Copy the data exactly. Images are the one exception.

> SUPPLIED MATERIAL:
=== Section Start ===

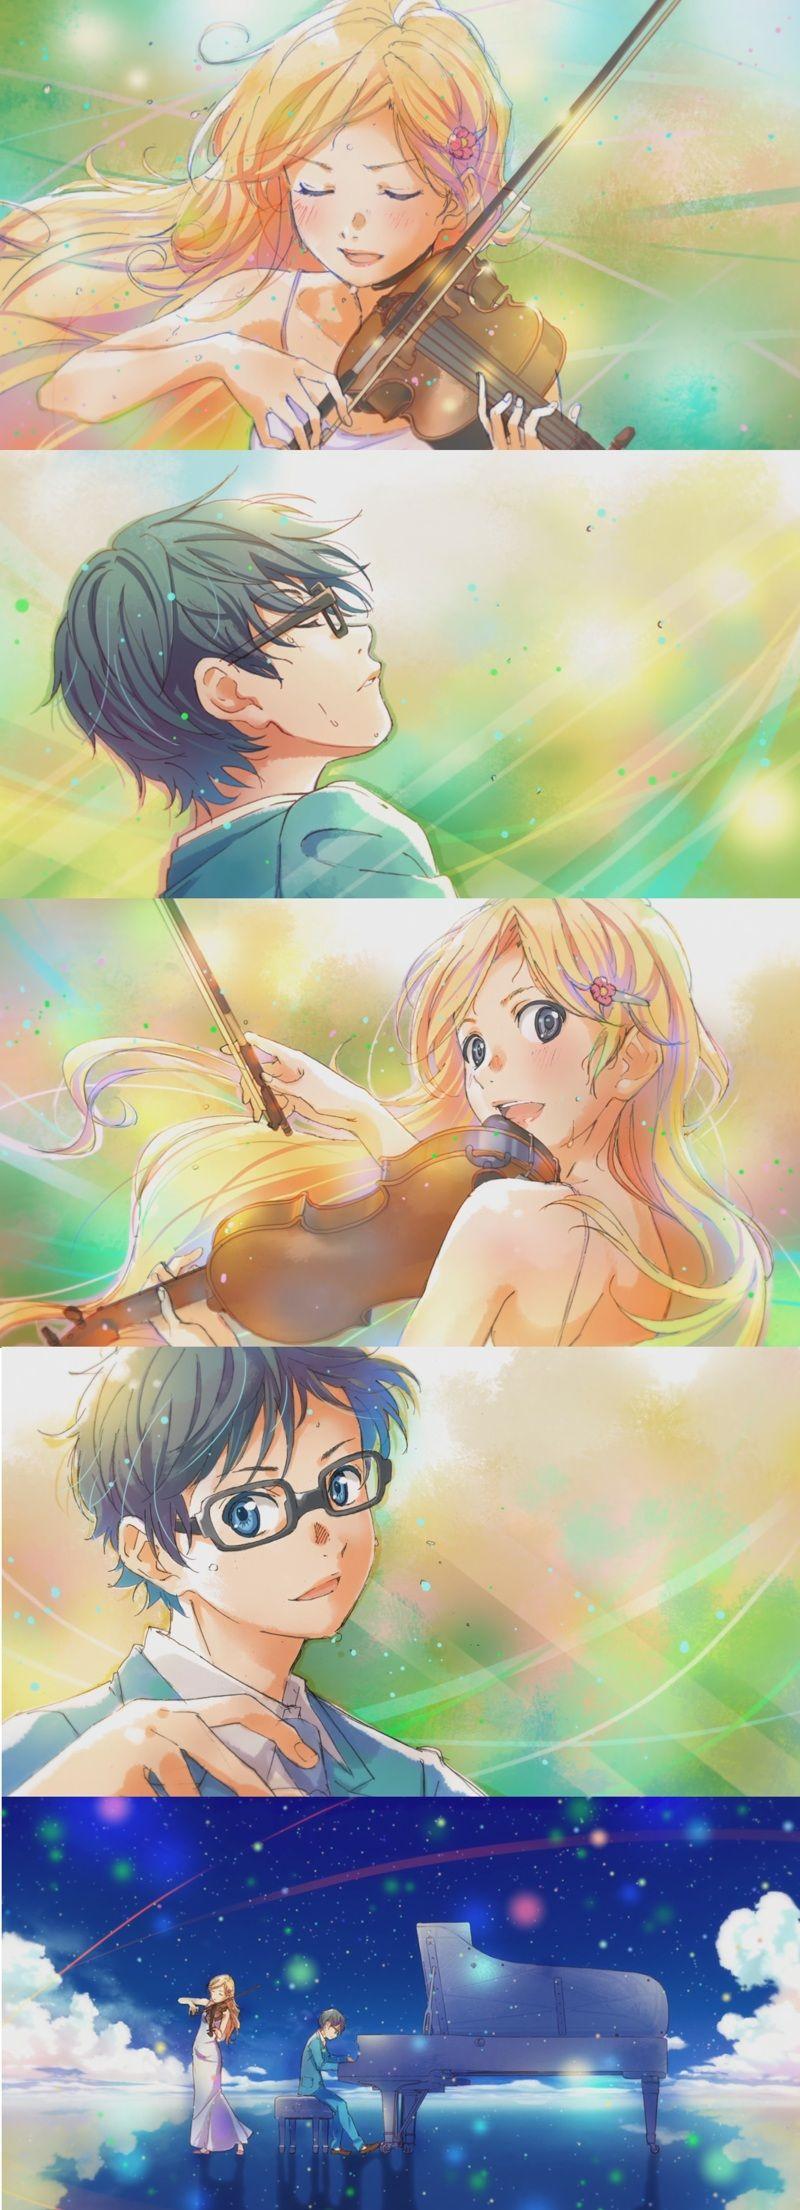 So Beautiful Shigatsu Wa Kimi Fondo De Pantalla De Anime Fondo De Anime Awesome phone your lie in april anime
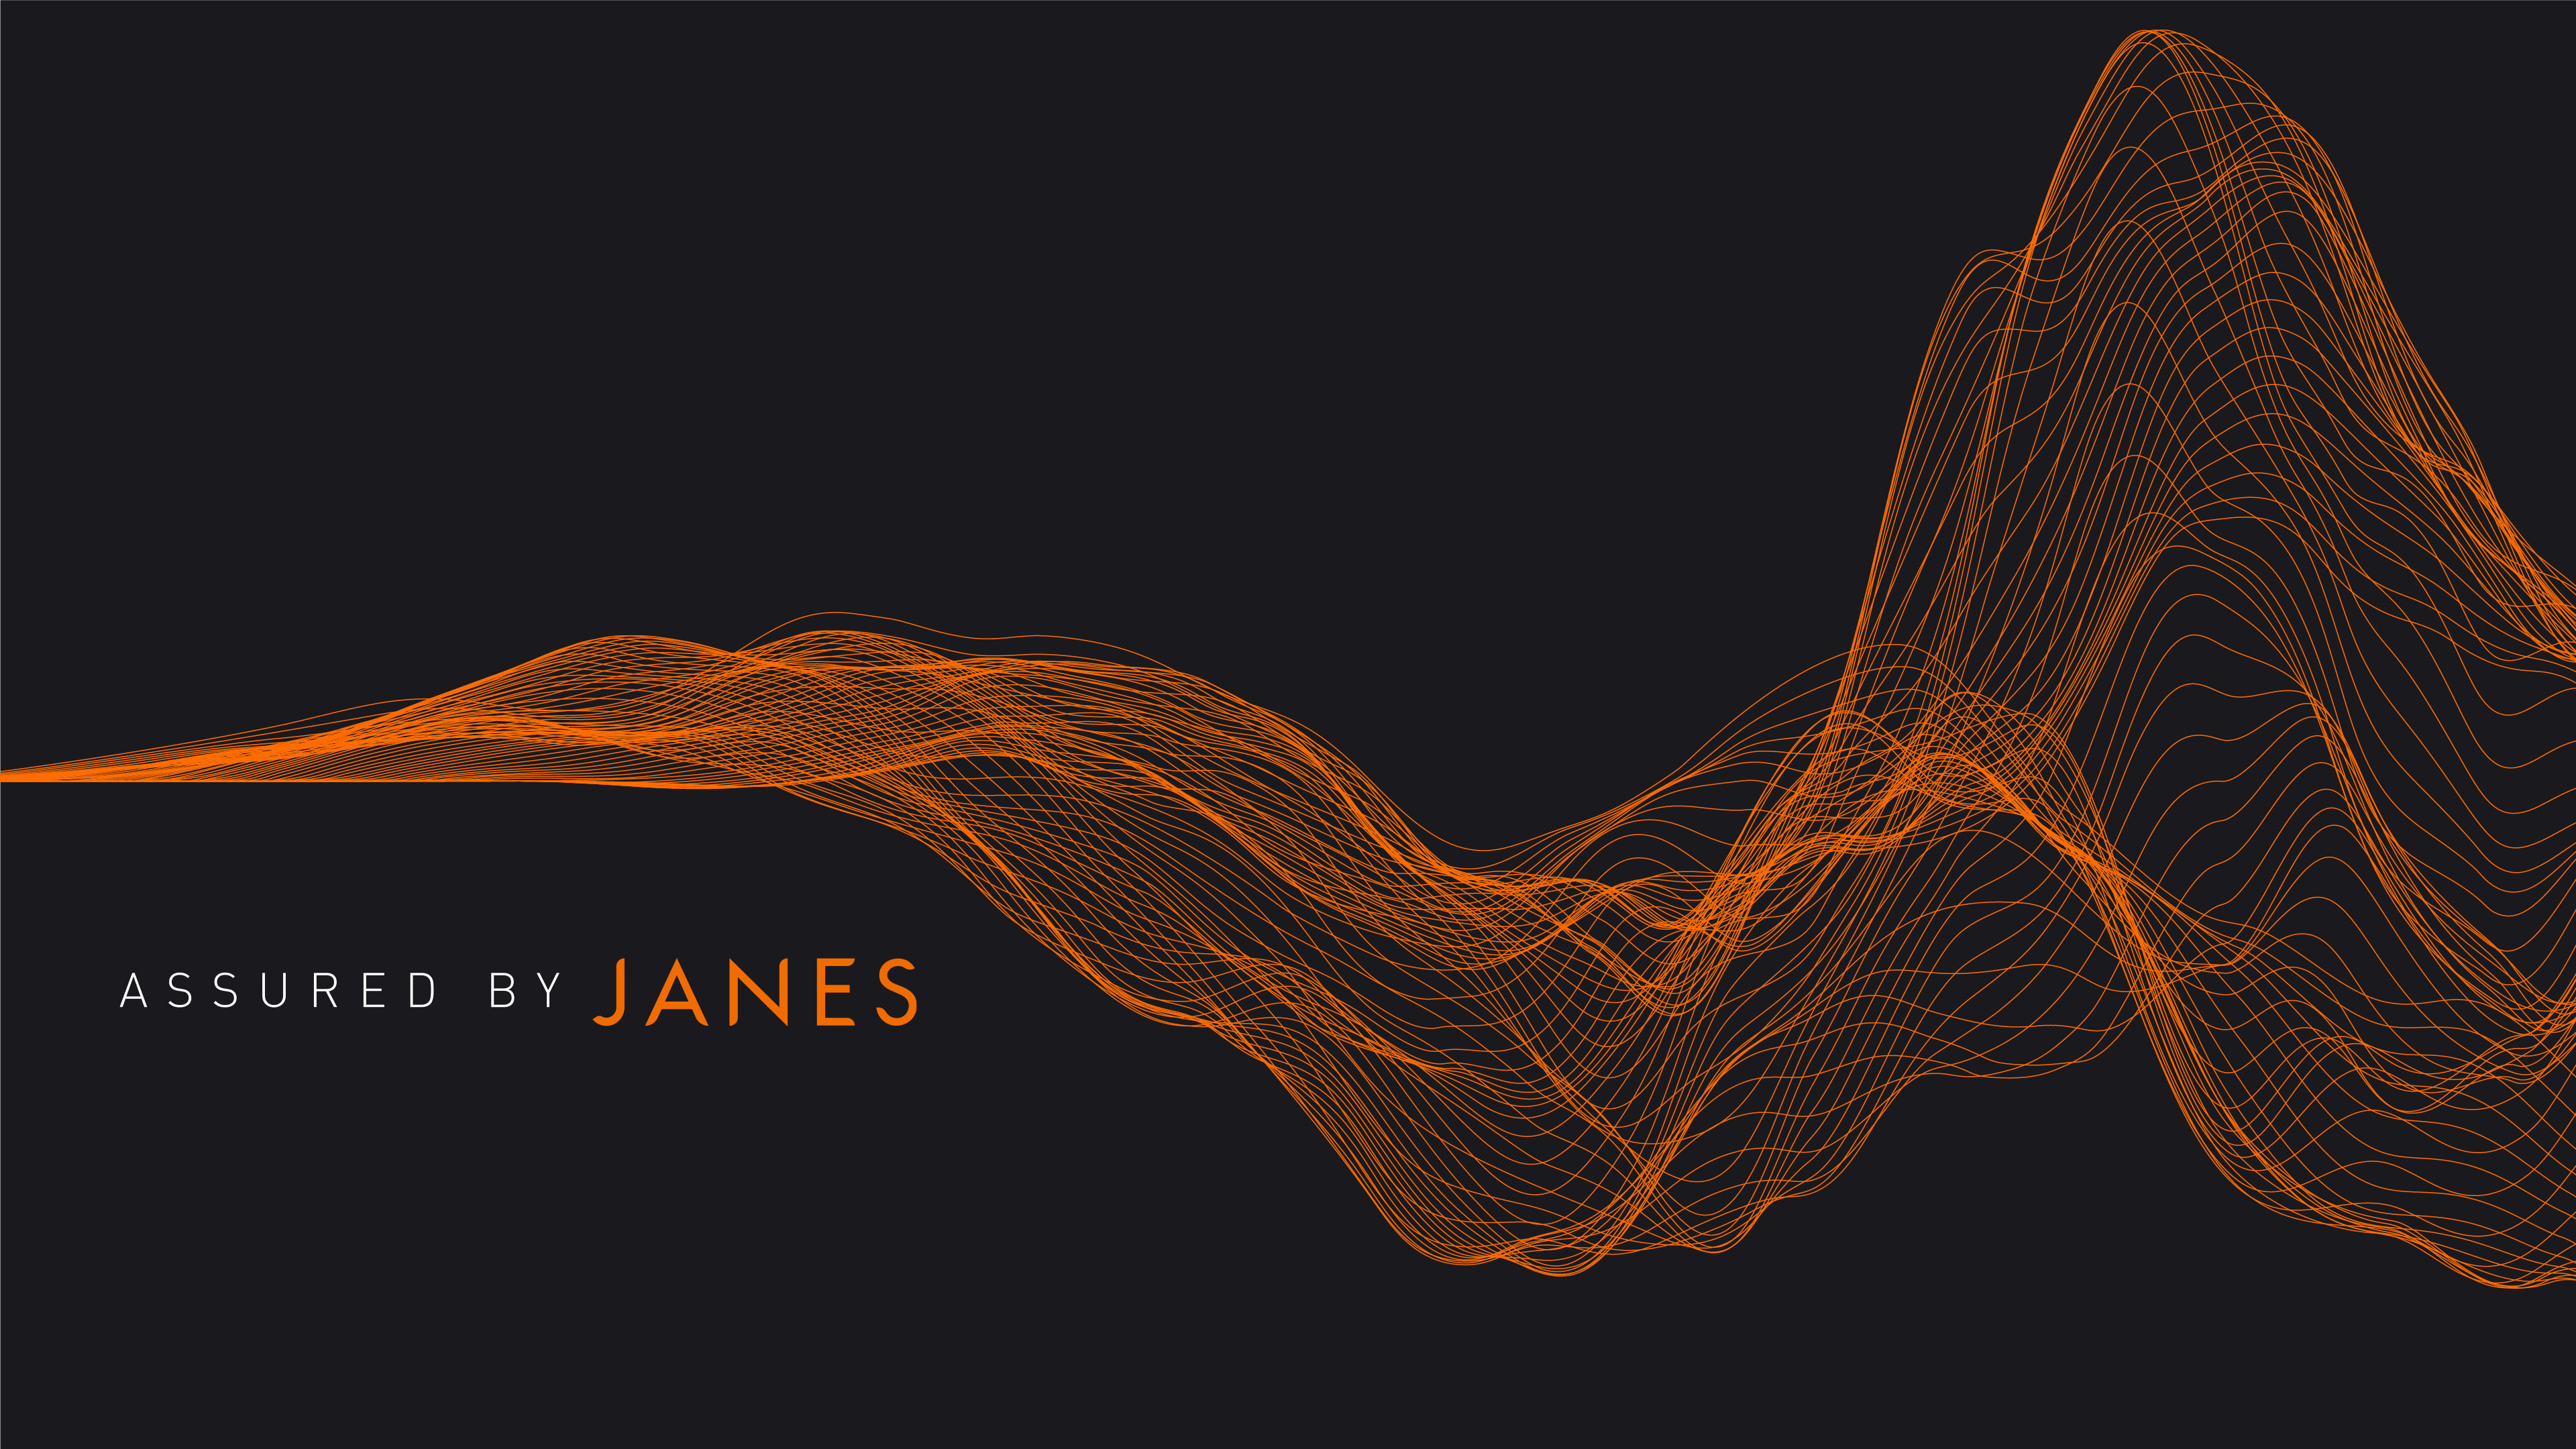 www.janes.com
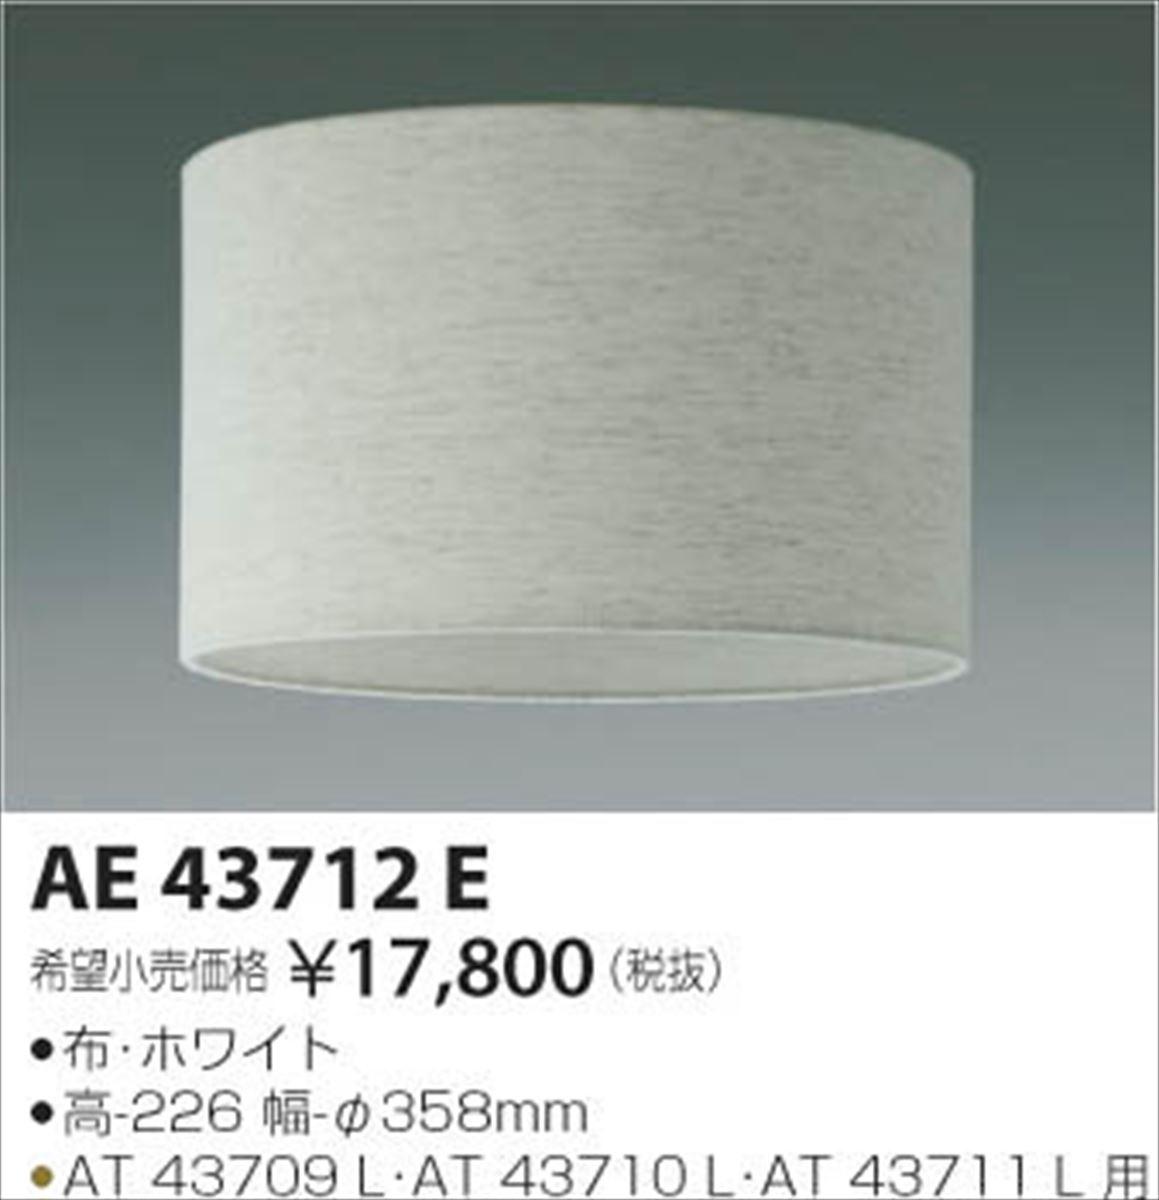 AE43712E セード ※対応器具ご確認ください コイズミ照明 (KA) 照明器具

=== Section End ===

> RESULT OF THE TASK:
 So Beautiful Shigatsu Wa Kimi Fondo De Pantalla De Anime Fondo De Anime Awesome phone your lie in april anime
 www.janes.com
 AE43712E セード ※対応器具ご確認ください コイズミ照明 (KA) 照明器具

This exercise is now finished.